WORK REQUEST: Only one span of the listing below is wanted: the lines from the one with "Creazione logo per azienda di consulenza" through the one with "[TV톡톡] '동상2' 추자현, 명절 음식은 시아빠와(ft. 우블리네", reproduced exactly, both ends kept.

── INPUT DATA ──

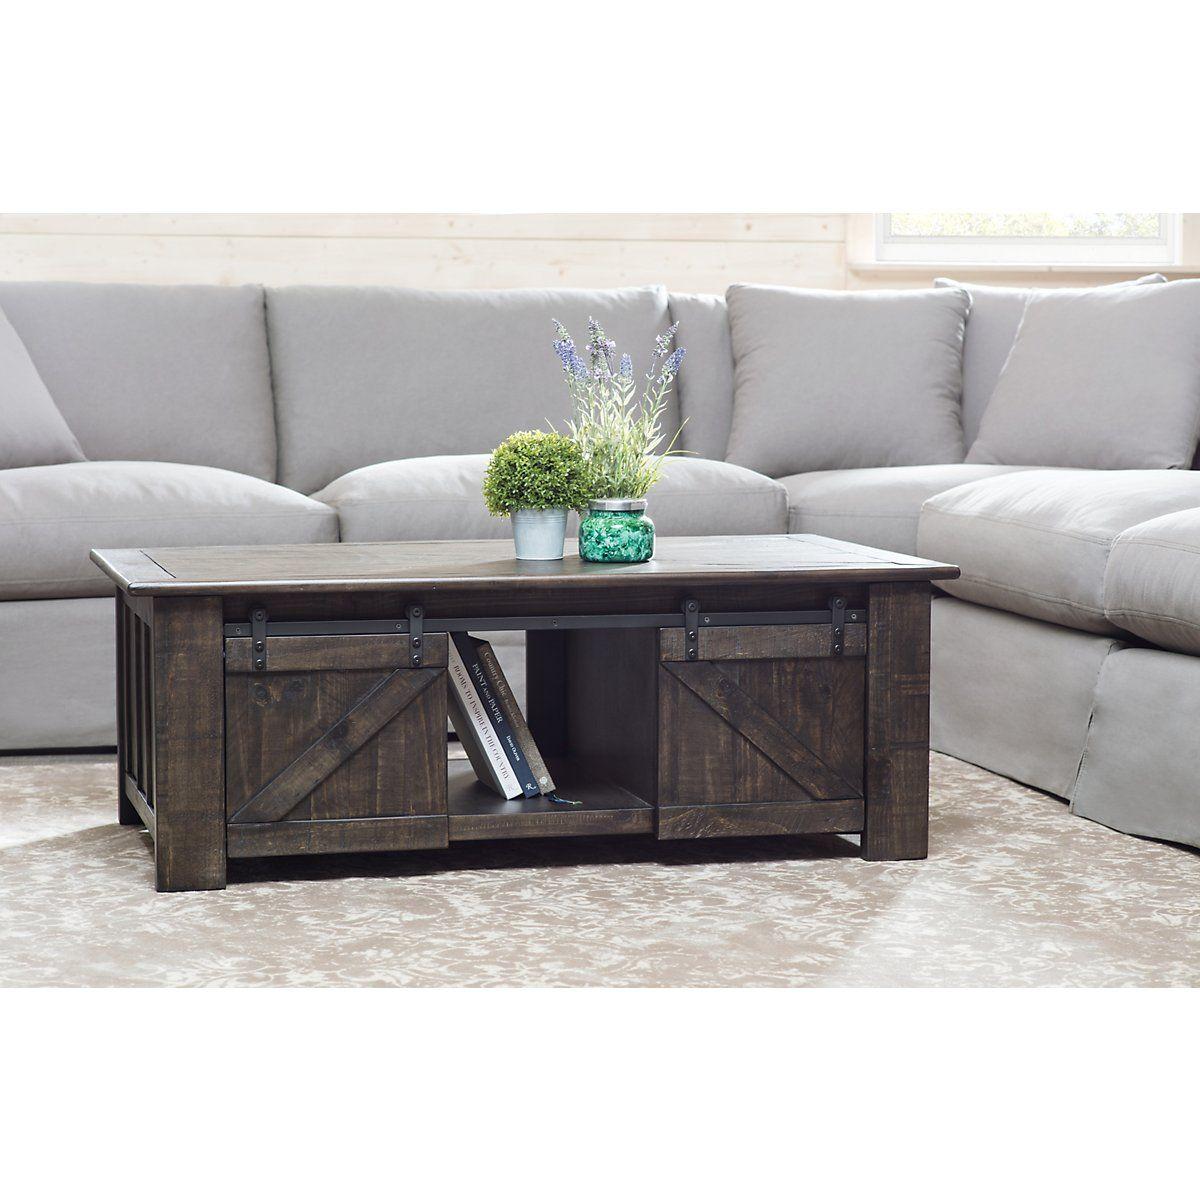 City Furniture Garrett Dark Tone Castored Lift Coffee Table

───
── INPUT DATA ──

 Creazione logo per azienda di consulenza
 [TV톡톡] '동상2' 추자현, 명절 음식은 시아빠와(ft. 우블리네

───

TASK SOLUTION:
 Creazione logo per azienda di consulenza
 [TV톡톡] '동상2' 추자현, 명절 음식은 시아빠와(ft. 우블리네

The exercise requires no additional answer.